Dressing a TIger Cover

Miguel, Maggie San. “Dressing a Tiger”, Orchard Drive Press, 2016.

Growing Up

Amos Lassen

Maggie San Miguel had quite a childhood. She literally grew up with a father who was a member of the Mafia and a mother, Patricia, who suffered with mental illness. There were also hit men, a Secret Service uncle, famous politicians on her life and she was curious. Her father was Jack Dahlstrom who had advance knowledge of the Kennedy assassination and was a friend of Jack Ruby, John Connally, Henry Wade and Mafia bosses such as Carlo Gambino, Sam Giancana and Paul Castellano. Her babysitters were often hit me who stayed with her after he mother became mentally unhinged when Maggie’s brother went into coma after being hit by a drunk driver. Because her father was a negotiator for the Teamsters Union and High-ranking Associate of the Mob, had many intriguing friends and Mafia secrets and these were to remain secrets but now Maggie San Miguel shares them.
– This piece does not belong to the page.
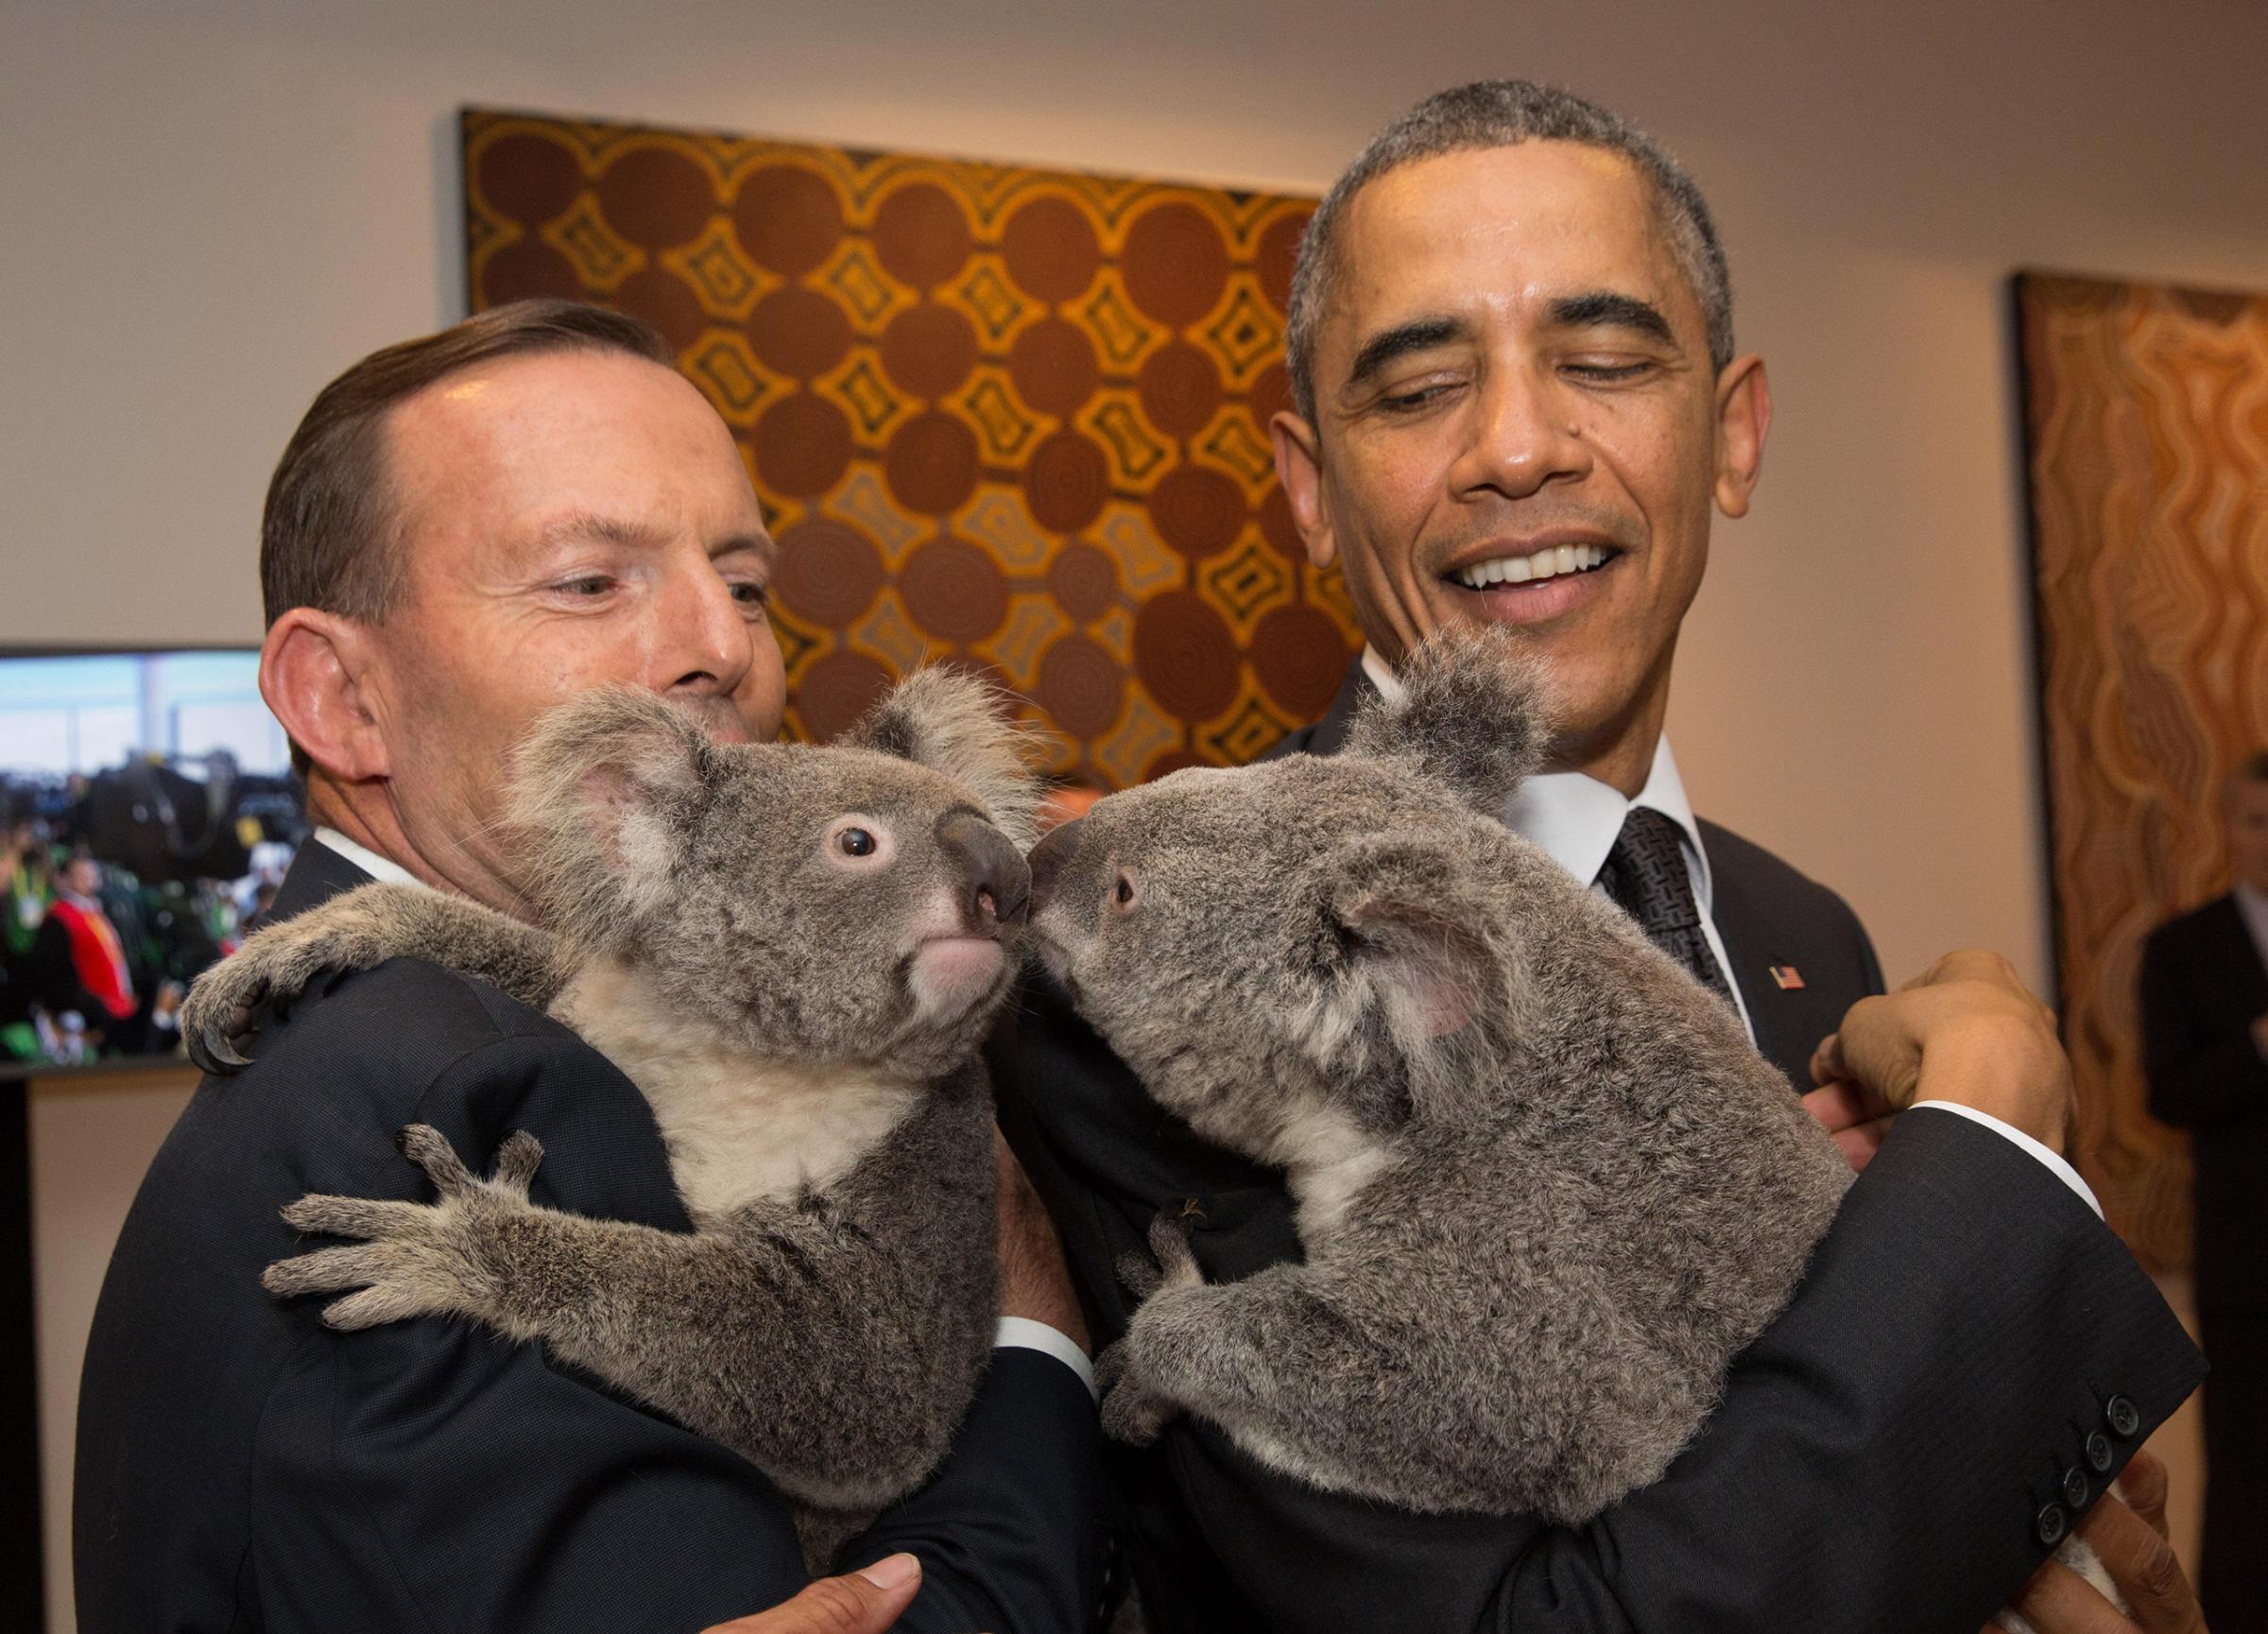 Australia's Prime Minister Tony Abbott and United States' President Barack Obama meet Jimbelung the koala before the start of the first G20 meeting on Nov. 15, 2014 in Brisbane, Australia.

San Miguel was raised in Greenwich, Connecticut, in the late 1960s and was like other kids— filled with curiosity and always looking to have good times. However, unlike other kids, her parents were very unusual. While her mother seemed to be okay, her father shared secrets with her that no young girl had to hear. He told her about Gambino’s hit men and her mother was friendly with Dallas district attorney Henry Wade (of Roe v. Wade). Maggie know many secrets but then she was in a world of organized crime and she learned that anything could (and many times did) happen. The history of her family was quite unique and we are taken back to their early life as immigrants.

As a child, Maggie loved to read and this is probably because she could enter worlds that were not at all like the one she lived in. It wasn’t until her father died in 2001 that she decided to put her story in writing and what a story it is. She shares what she knew about gangsters and also tells us about them when they were not fulfilling duties—they actually seemed to have a soft side at times. I cannot imagine what it is like to grow up surrounded by organized crime on one side and a fascinating home life on the other. There were always visitors and they ranged from an uncle in the Secret Service and geisha girls.

It was not until she was a teenager that she learned that her father had connections to the Mafia and was also a friend of Jimmy Hoffa who became his key to enter the Teamsters. However there is nothing about Hoffa here because Maggie promised her father that if she ever wrote a book, she would leave him out.

This is a fascinating read about what it was like to be raised by members of the mob and a mother who lost it. We learn about ties between mafia men and politicians and so much more.